Yep, this makes such kind of results intuitive. G is an area, as Fermi constant. All the others are adimensional.
 
  • #81
What is meant by spacetime is a fractal, fractal like or has a kinky fractally structure ?

I know what a fractal is and what they look like, so is it an appearance of fracticality or actually fractal and does the reductablity of the pattern ever stop at a cut off volume ?

also how does one get half a spatial dimension or half a temporal dimension surely a half is still a whole when talking of dimensions ?
 
  • #82
In her papers (like e.g. http://arxiv.org/hep-th/0505154 and the earlier http://arxiv.org/hep-th/0505113 ) Loll says "fractal-like". and "evidence of a fractal structure" --- she never says that spacetime actually turns out to BE a fractal. I think she is speaking more carefully than Reuter---who says his picture predicts that at small scales it IS a fractal. I think he is using word in a more general sense or just being careless. but I do not know reuter work at all well, so cannot be sure. Let us assume that he also means "fractal-like"

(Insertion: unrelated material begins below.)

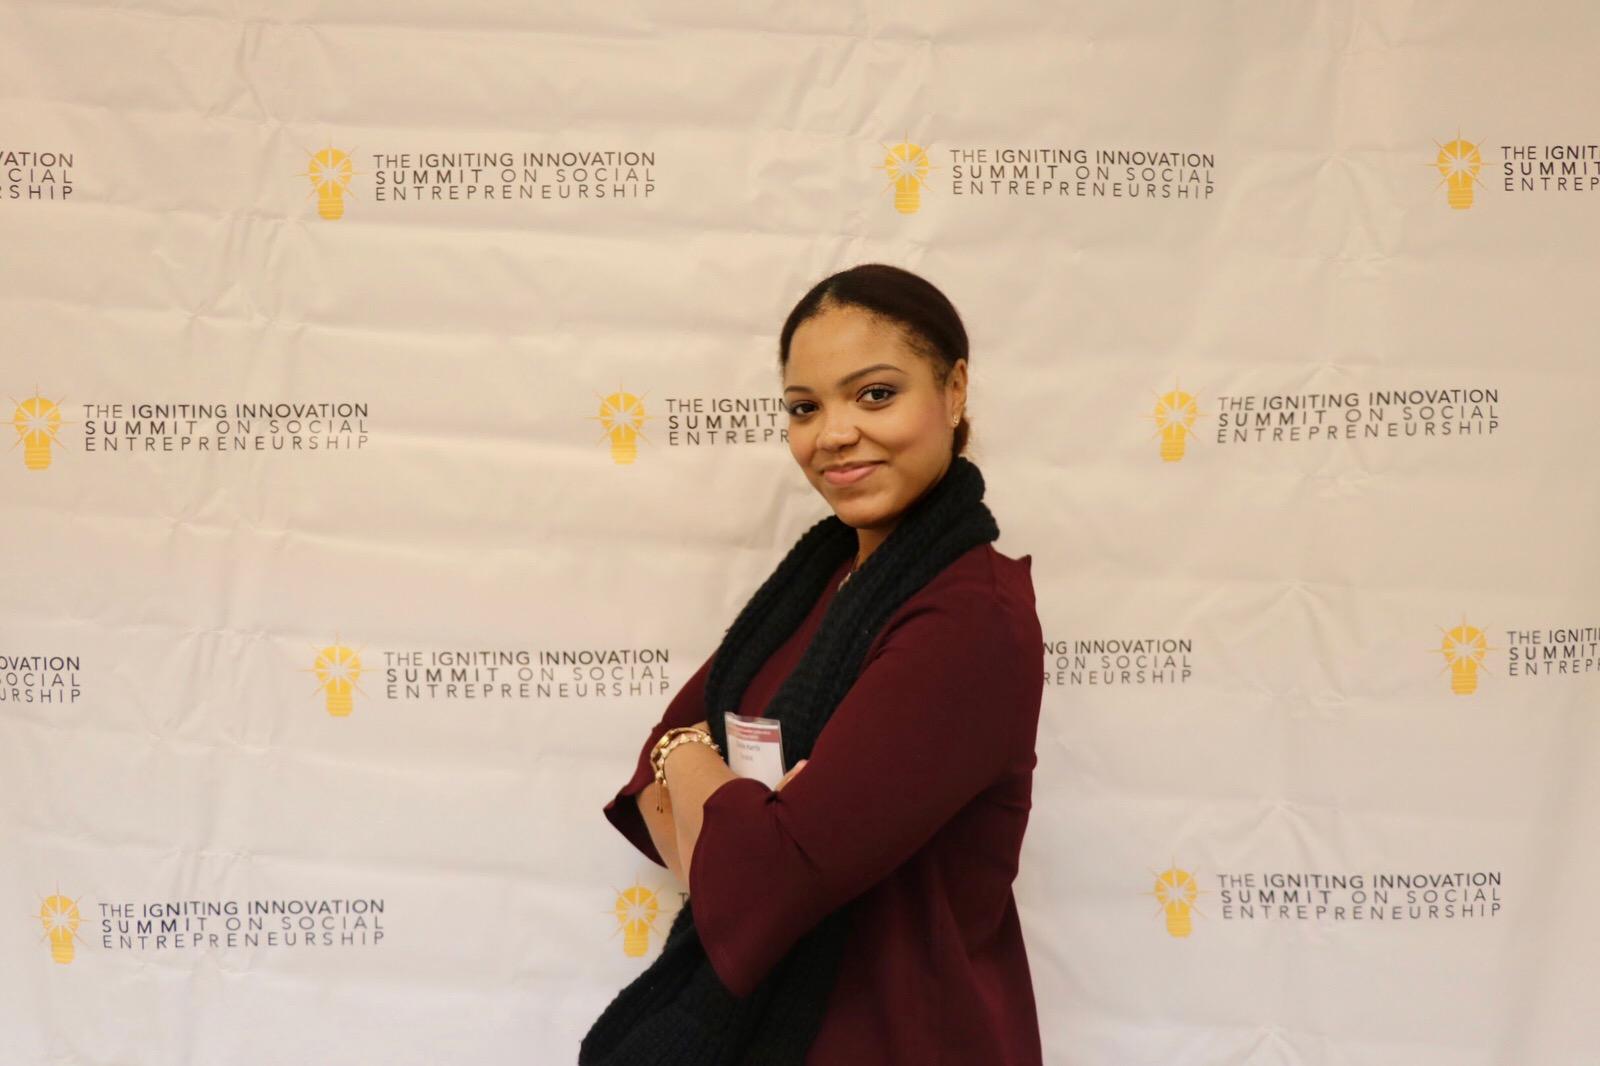 Chante Harris, Women Enews Pioneering Woman in Sustainability, Forbes Fellow, Vice President.  Follow her
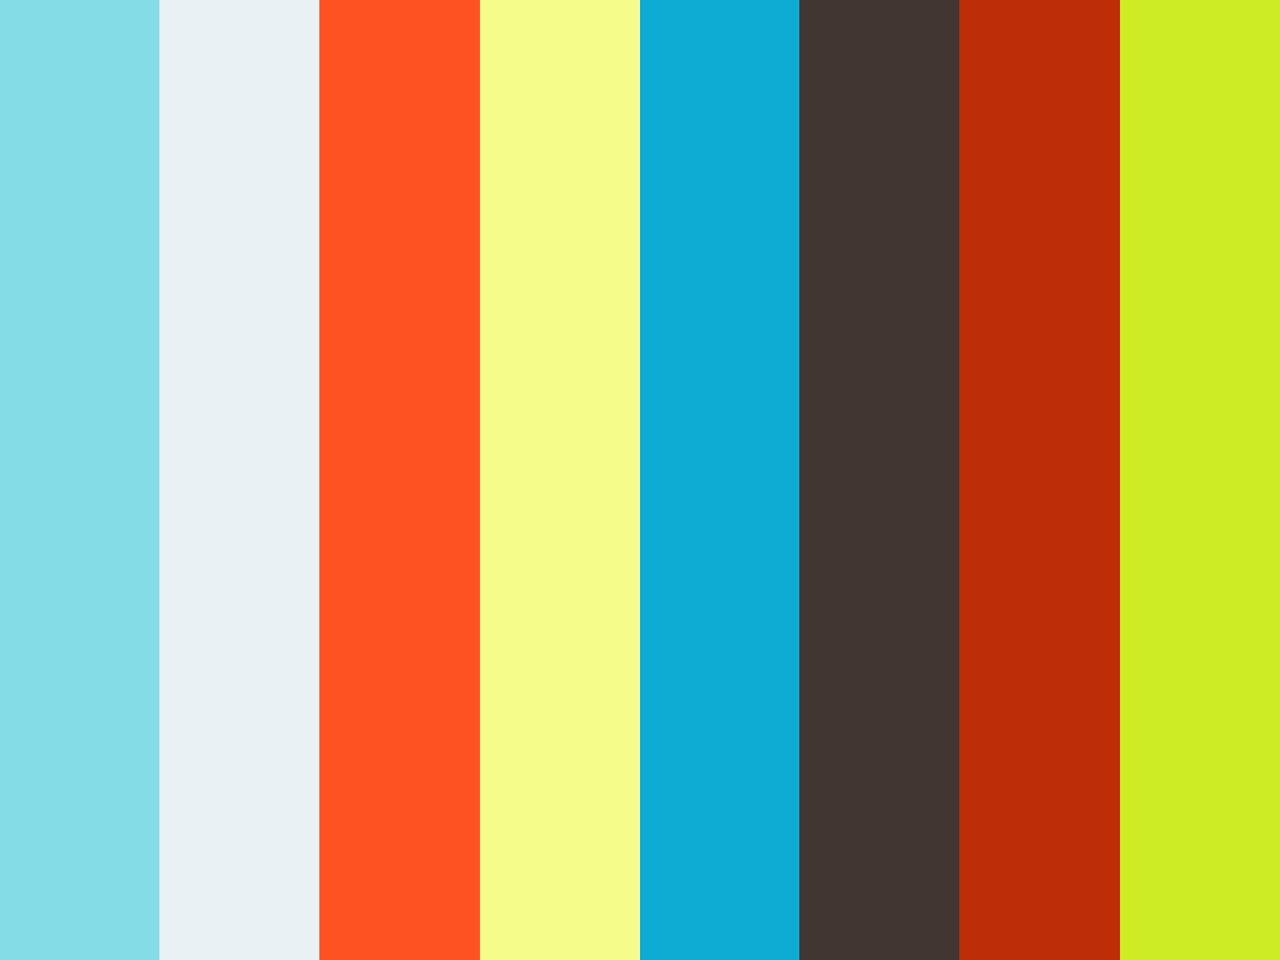 Loop - by Rachel Aka, Cameron Van Buren, Emmanuel Lapoterie, and Thato Lehoko

I am starting an auxilliary thread to talk about what fractal-like
versus just plain "fractal"
could mean. That way, discussing what is a fractal or what it means to say something is "like a fractal" will not gum up this CDT news-and-gossip thread.

Here is the auxilliary thread
https://www.physicsforums.com/showthread.php?t=86751

I hope it helps get some answers about what is means to not actually be a fractal but to be "like a fractal".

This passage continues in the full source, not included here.